ODE

Assorted basic Ordinary Differential Equation solvers for scientific machine learning (SciML)


Keywords
differential-equations, neural-ode, ode, scientific-machine-learning, sciml
License
Other

Documentation

Various basic Ordinary Differential Equation solvers implemented in Julia.

Build Status Coverage Status ODE ODE

Pull requests are always highly welcome to fix bugs, add solvers, or anything else!

API discussions

There are currently discussions about how the Julian API for ODE solvers should look like, and the current documentation is more like a wishlist than a documentation. The API has changed considerably since the initial v0.1 release, so be carefull when you upgrade to v0.2 or later versions.

Current status of the project

The first release, v0.1, contains the basic functionality that was moved here when the package was originally moved from Base. Although quite poorly tested, at least some of the functionality is quite reliable. However, that version is almost entirely undocumented, and will probably stay that way.

Since then, quite a lot has happened in the package, and the best way to use current ODE.jl is by checking out the latest master with Pkg.checkout("ODE"). By doing so, you get access to a new, better API -- but be careful; several breaking changes have been introduced since v0.1. Therefore, the best way to learn the current API is to read the source. (The documentation in http://github.com/JuliaLang/ODE.jl/master/blobs/doc/api.md is to be regarded as a wishlist, where some but not all of the features have been implemented as of yet).

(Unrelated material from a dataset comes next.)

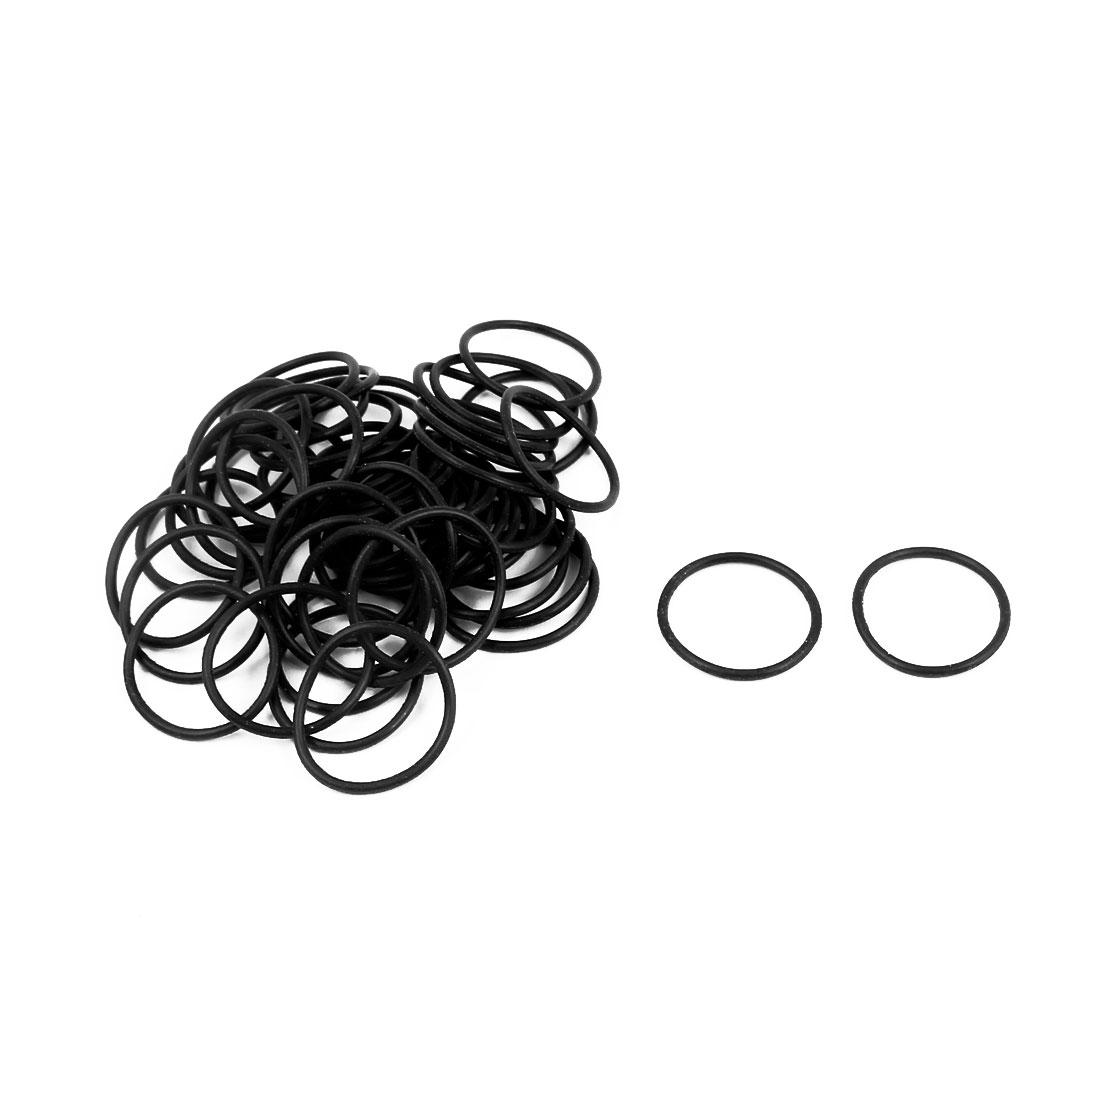 50Pcs Black 18mm x 1.2mm Nitrile Rubber O Ring NBR Oil Sealing Grommets

Currently, ODE exports the following adaptive solvers:

  • ode23: 2nd order adaptive solver with 3rd order error control, using the Bogacki–Shampine coefficients
  • ode45: 4th order adaptive solver with 5th order error control, using the Dormand Prince coefficients. Fehlberg and Cash-Karp coefficients are also available.
  • ode78: 7th order adaptive solver with 8th order error control, using the Fehlberg coefficients.

  • ode23s: 2nd/3rd order adaptive solver for stiff problems, using a modified Rosenbrock triple.

all of which have the following basic API:

tout, yout = odeXX(F, y0, tspan; keywords...)

to solve the explicitly defined ODE by dy/dt = F(t,y). A few other solvers are also exported, see the source code for details.

The adaptive solvers accept the following keywords

  • norm: user-supplied norm for determining the error E (default Base.vecnorm),
  • abstol and/or reltol: an integration step is accepted if E <= abstol || E <= reltol*abs(y) (defaults reltol = 1e-5, abstol = 1e-8),
  • maxstep, minstep and initstep: determine the maximal, minimal and initial integration step (defaults minstep=|tspan[end] - tspan[1]|/1e9, maxstep=|tspan[end] - tspan[1]|/2.5 and automatic initial step estimation).
  • points=:all (default): output is given for each value in tspan as well as for each intermediate point the solver used.
  • points=:specified: output is given only for each value in tspan.

Additionally, ode23s solver supports

  • jacobian = G(t,y): user-supplied Jacobian G(t,y) = dF(t,y)/dy (default estimate by finite-difference method).

There are also fixed step Runge-Kutta and Rosenbrock solvers available.

Examples

The examples directory contain a few notebooks that show how to get started. You can also see them here:

Need something long-term reliable right now?

See the Sundials.jl package, which provides wrappers for the excellent Sundials ODE solver library.